**AIM OF THE EXERCISE**
Leave out the pictures and retype, exactly, the lines below from the line with "Covering Trades, injuries" up to and including the line with "a white bowl", nothing more.

**DATA EXCERPTS**

********

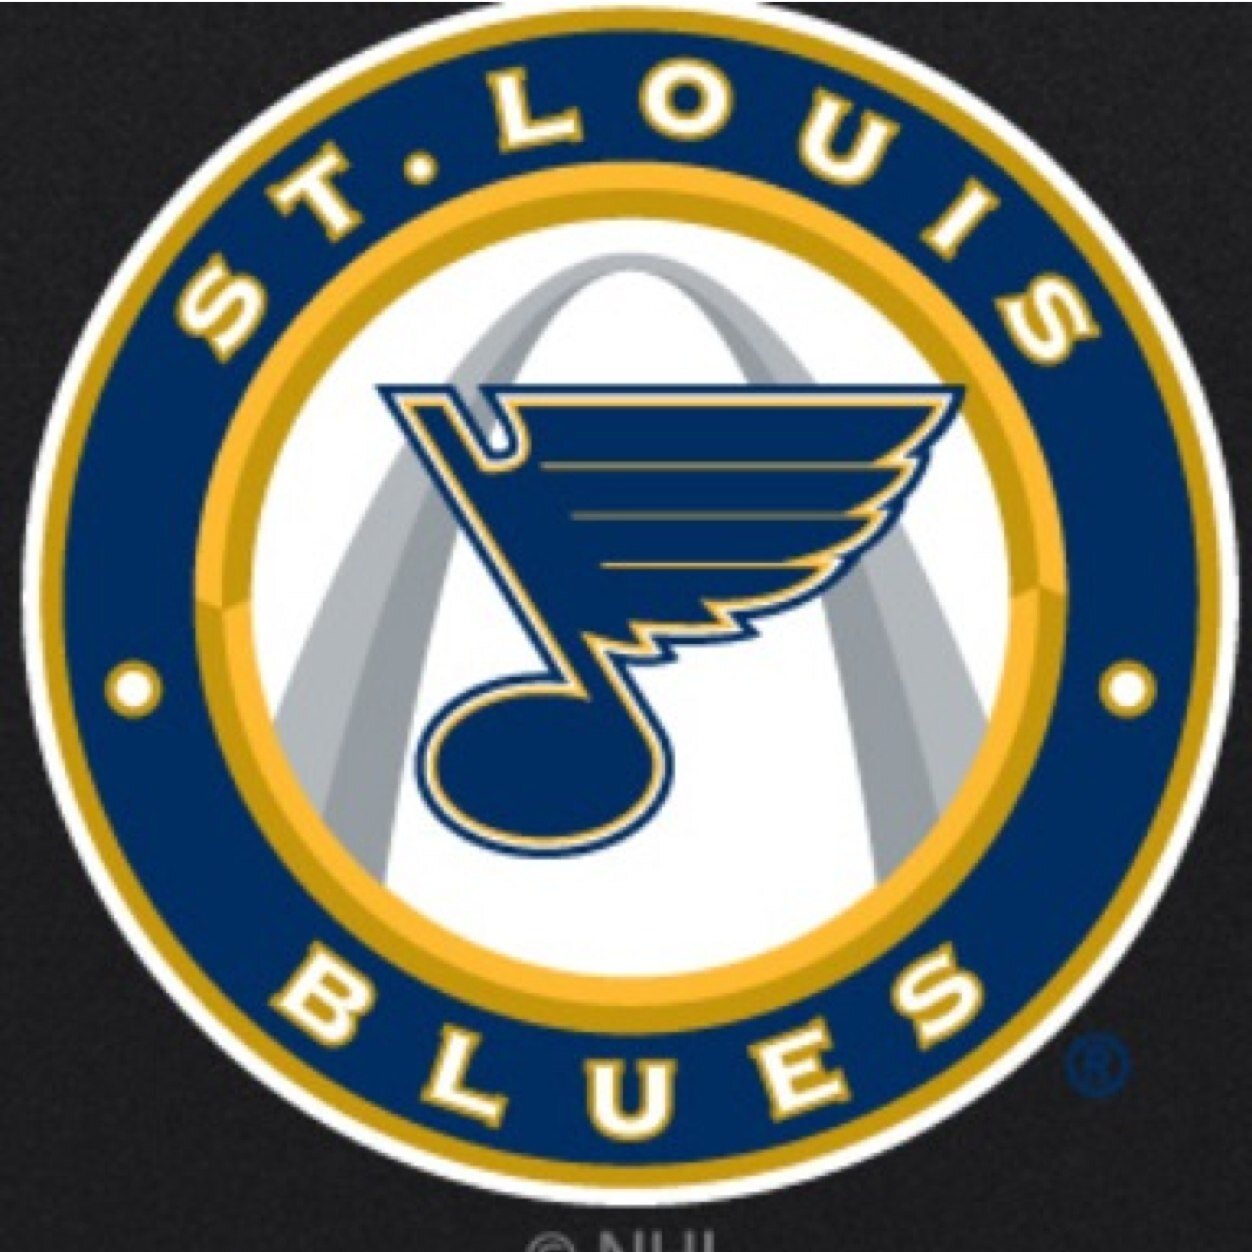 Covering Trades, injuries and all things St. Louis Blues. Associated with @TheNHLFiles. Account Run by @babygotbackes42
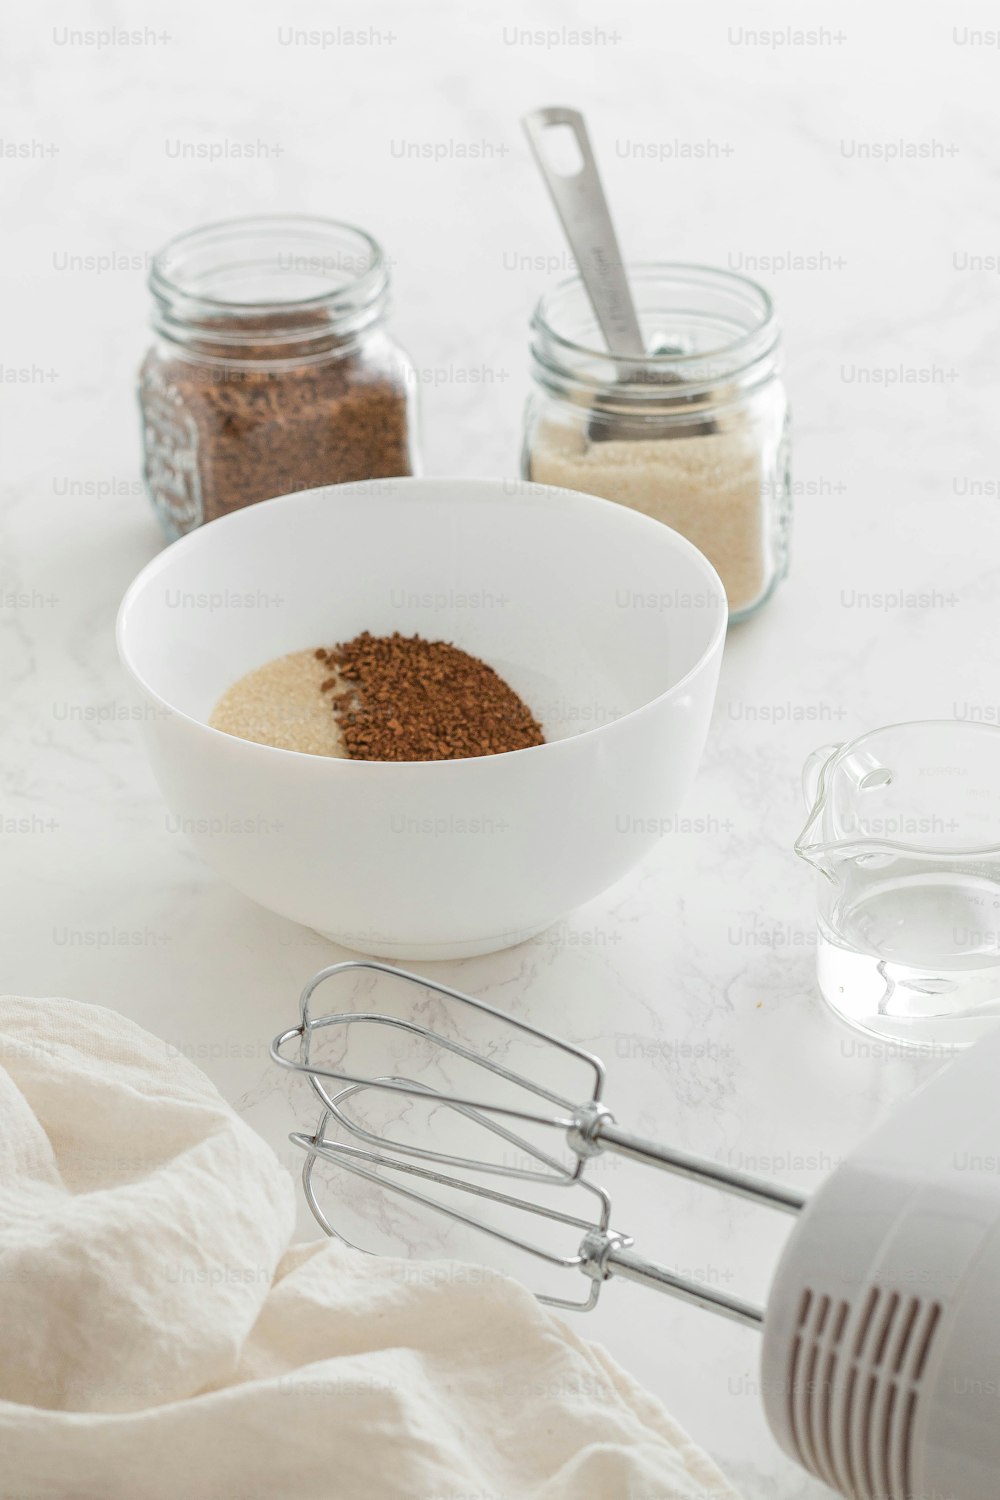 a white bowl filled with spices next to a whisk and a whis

********

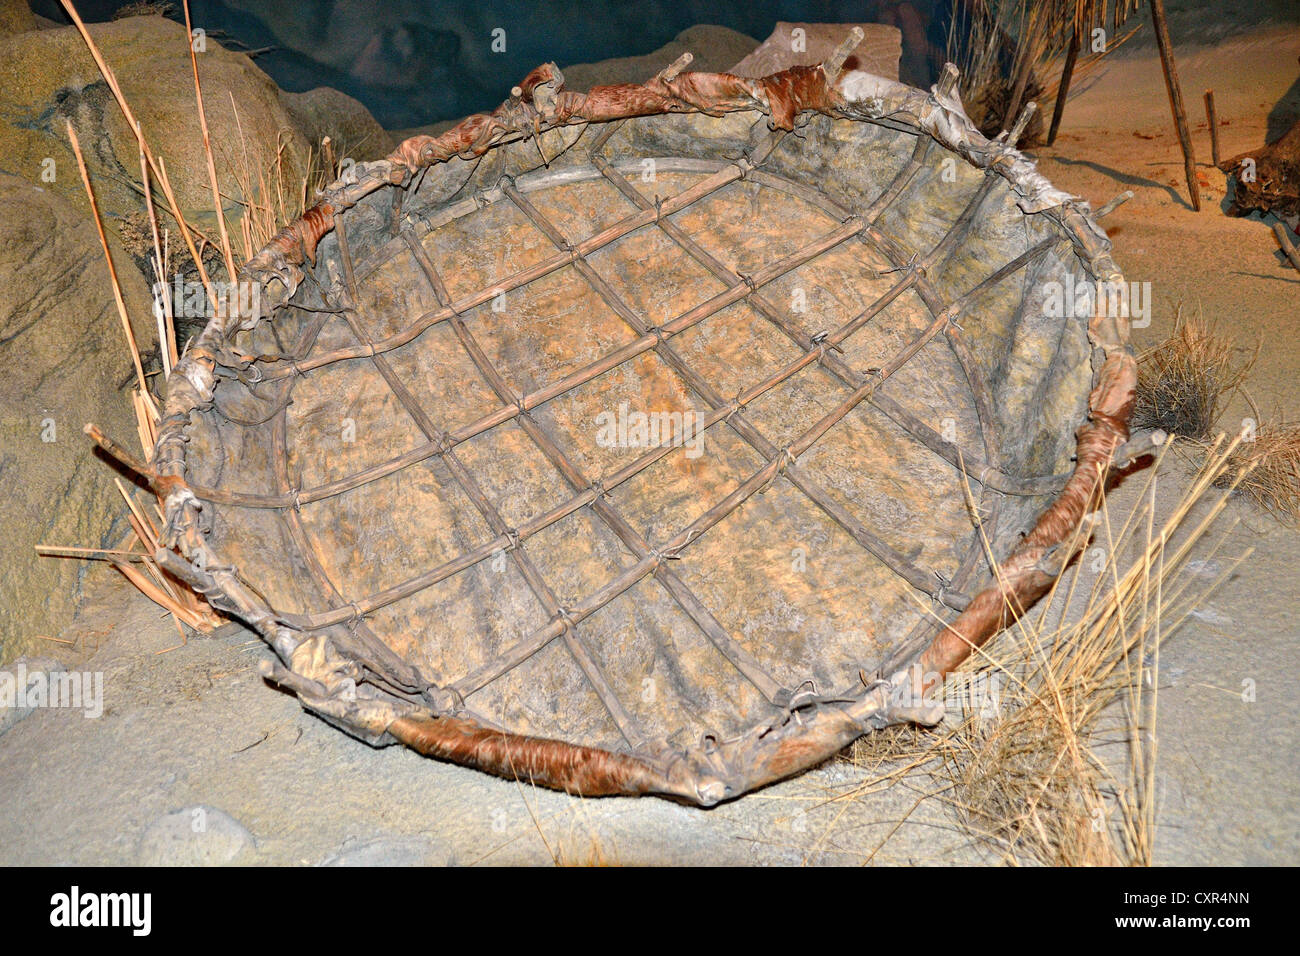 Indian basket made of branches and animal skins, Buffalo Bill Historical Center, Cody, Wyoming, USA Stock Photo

********

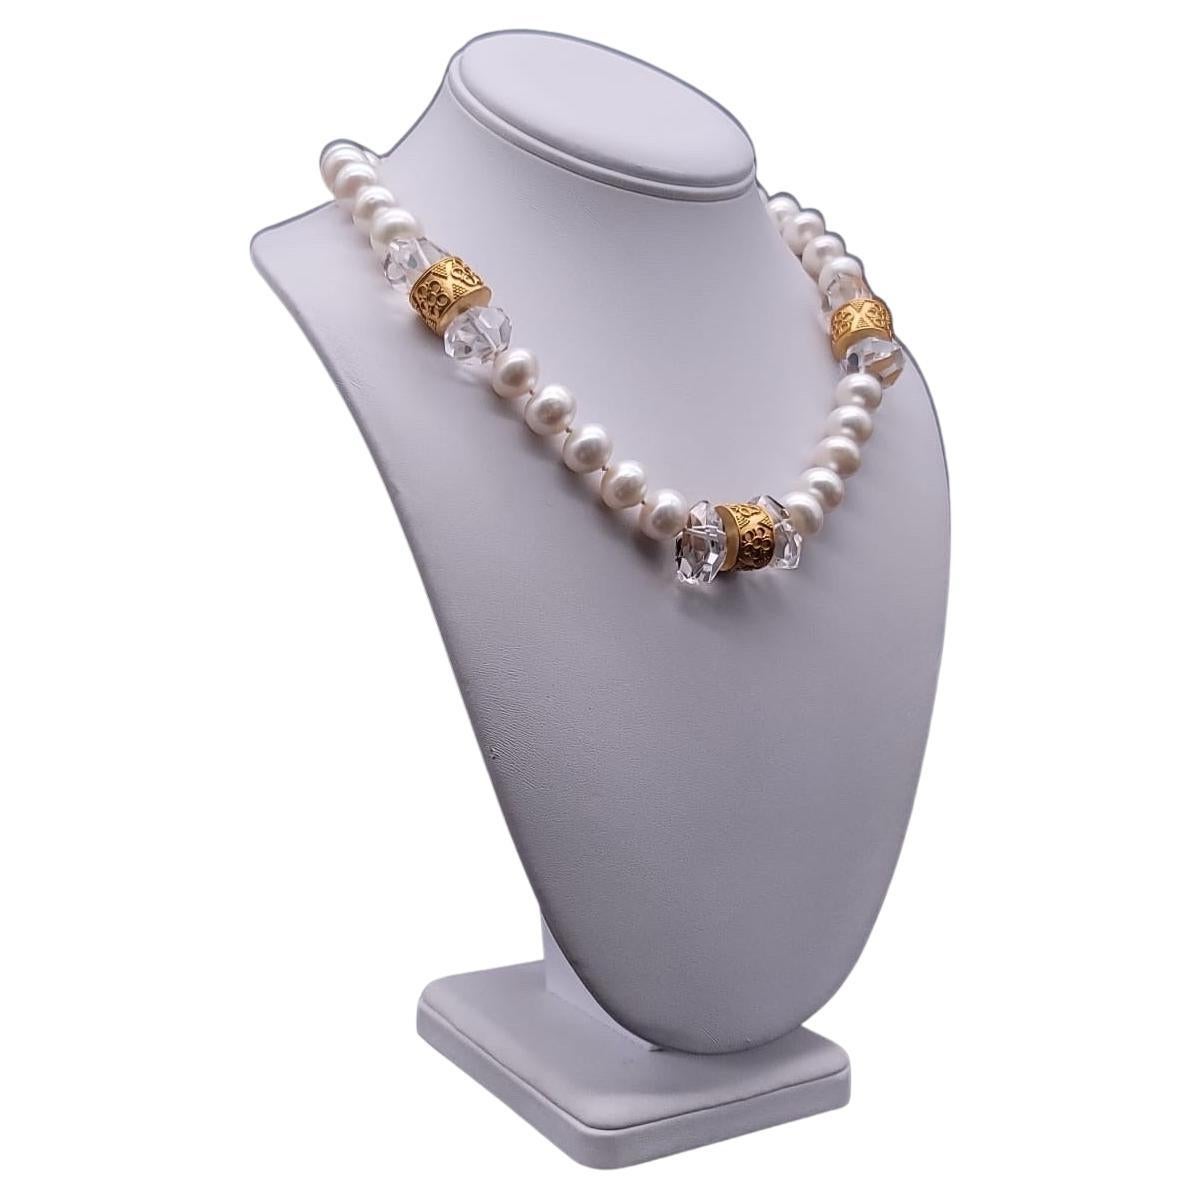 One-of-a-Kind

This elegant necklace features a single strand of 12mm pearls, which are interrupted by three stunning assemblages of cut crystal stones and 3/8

********

**TASK OUTPUT**
 Covering Trades, injuries and all things St. Louis Blues. Associated with @TheNHLFiles. Account Run by @babygotbackes42
 a white bowl filled with spices next to a whisk and a whis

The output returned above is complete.